Tracking Drones in Urban Settings

While a computer can be trained to visually spot a drone, an optical system would have a very limited range. A telescopic lens could be used, but then its field of view would be greatly constrained. Instead, Krolik is turning to the same technology that turned the tide against aerial enemies in World War II—radar. But the 1940s technology is getting a 2020s upgrade with the help of a type of machine learning called Deep Neural Networks (DNN).

Teaching Radar Street Smarts
Krolik’s idea is to set up a radar antenna to scan the area of urban landscape under surveillance. Over the course of a few days or weeks, in the absence of drones, the DNN trains itself to differentiate between cars, bicycles, people and other objects by learning their kinematics, seen as “micro-Doppler” in the radar returns, as well as the paths they take moving through the space.

“Most systems are designed in a laboratory to be taken out into the field,” said Krolik. “This one learns from its environment, because most of the time a drone isn’t there.”

For example, cars generally follow paths defined by roadways. And while bicycles and pedestrians have more variable dynamics, their micro-Doppler signatures are very distinctive. Over time, the algorithm learns what radar signals are normal for a given space so that when a drone flies by, with propeller motion and trajectory that is very different to what is normally found in the area, it will trip an alarm.

So far, it’s working. On Duke’s campus, the system has been able to successfully classify drones versus cyclists, pedestrians, cars and other objects 98 percent of the time.

To be clear, Krolik and his team aren’t flying drones across campus at all hours of the day and night. Instead, they train the algorithm to learn the normal traffic around the Science Drive parking garage and separately collect data from a drone flying in Duke Forrest. They then put the data together computationally and let the DNN go to work on the resulting mashup.

Hardwiring a Neural Network
For help with the drone-spotting DNN algorithm, Krolik turned to Helen Li, the Clare Boothe Luce Professor of Electrical and Computer Engineering at Duke. DNNs essentially work by sliding a window over an image in a grid-like fashion, determining which feature is present in each window, and passing that information on to a new layer of data. The process repeats itself until the image is distilled into its most basic features that allow the program to categorize it.

DNNs are inevitably computationally dense programs that can tie up a traditional CPU for far longer than a drone surveillance system would require. The algorithm, however, can be sped up by breaking the tasks into pieces that can be processed simultaneously.

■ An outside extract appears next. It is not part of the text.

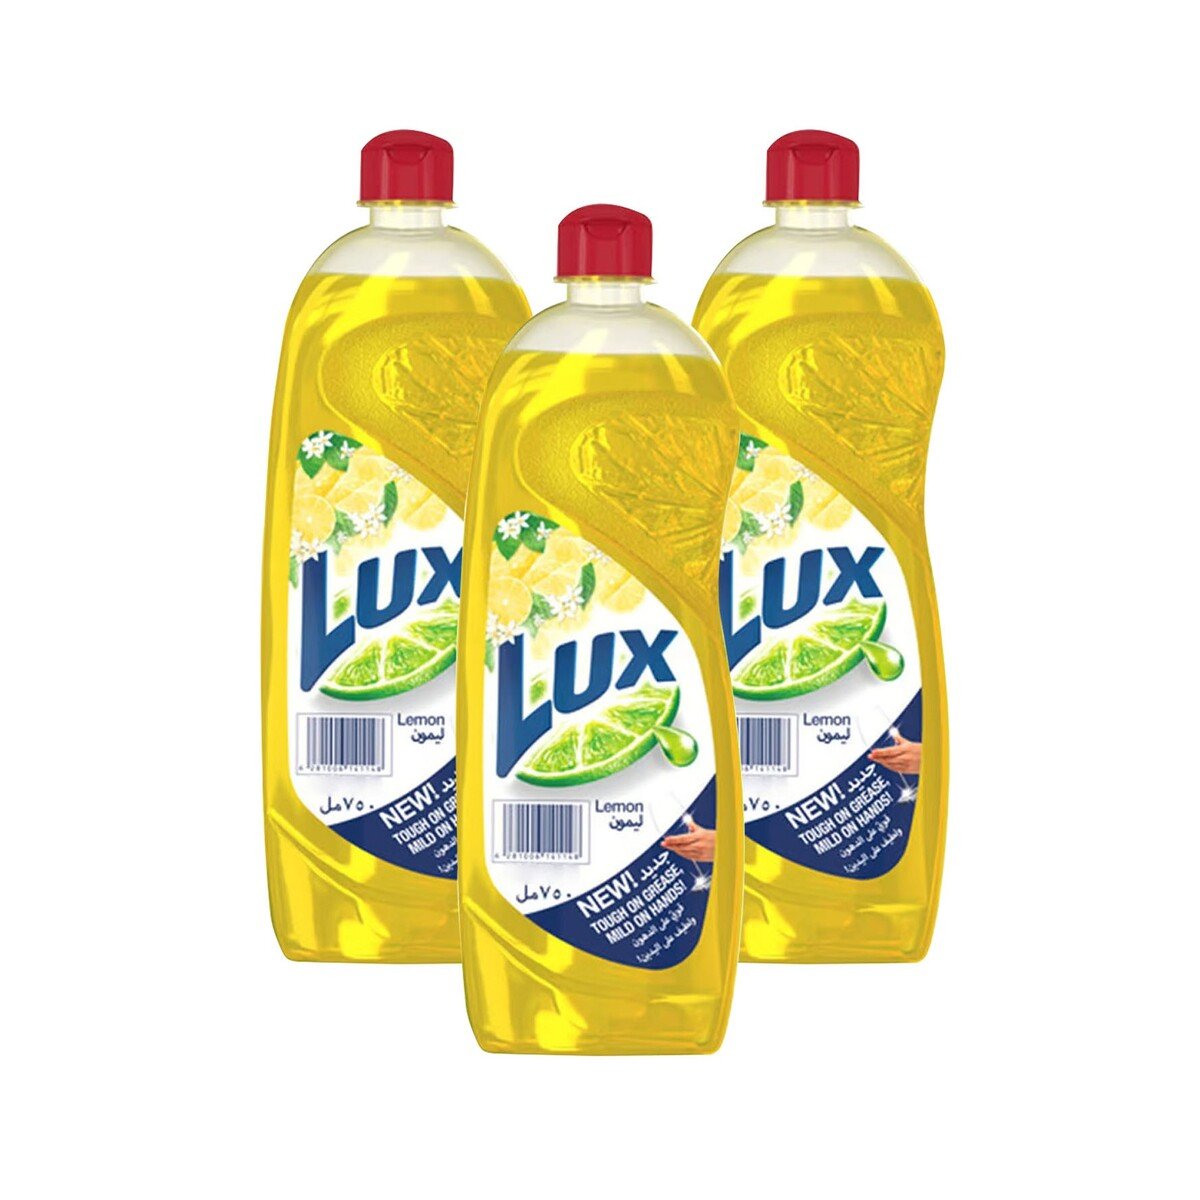 Buy Lux Lemon Dishwashing Liquid Value Pack 3 x 725 ml Online at Best Price | Washing Up | Lulu UAE in UAE

A common choice for hardware to tackle this challenge are Graphics Processing Units (GPUs), which are specialized processors originally designed to accelerate graphics rendering that is also useful for machine learning, video editing and gaming applications.

But anyone who has ever compiled an hour-long video or lost track of time gaming knows that GPUs produce a lot of heat by consuming a lot of power. To make their drone detection system more efficient, Li instead turned to Field Programmable Gate Arrays (FPGAs).

“While a GPU is super powerful, it’s also wasteful,” said Li. “We can instead make an application-specific design that is just right for radar signal processing.”

As the name implies, FPGAs can be designed and redesigned to process certain tasks more efficiently by hardwiring some of the computation into the device itself. This allows computer scientists to be surgical with how much computational power to provide each aspect of the algorithm.

“An FPGA can be optimized for a specific neural network model without having to support any other models in different configurations and sizes,” continues Li, who helped start the trend of using FPGAs for machine learning applications. “And where typical codes first have to go through an operating system and compilers before reaching the hardware, our approach essentially implements the DNN algorithm directly on the FPGA boards.”

Setting the Bar High
The result is a system that not only spots drones with 98 percent accuracy, but a system that also consumes 100 times less energy than a similar GPU-based system would, all while maintaining the performance and speed required to work in real-time.

Krolik and Li think the results so far are promising, and DARPA thinks so too. After completing the first half-million-dollar phase of the project and presenting their results, the project was funded for a second half-million-dollar grant over nine months. Their challenge over that extended period of time?

Birds.

“As it turns out, when you’re only looking at the speed and bearing of a flying object, a bird can look a lot like a drone,” said Krolik. “With the help of staff at the Duke Gardens, we’ve been collecting radar data on a wide variety of birds around the garden’s duck pond.  So far, our DNN algorithm has been able to differentiate birds from drones with over 97 percent accuracy. Now we have to put it all together to detect drones versus birds, cars and pedestrians in a truly urban setting. It’s been a lot of fun working with Helen and the rest of the team, and we have the rest of the summer to figure it out.”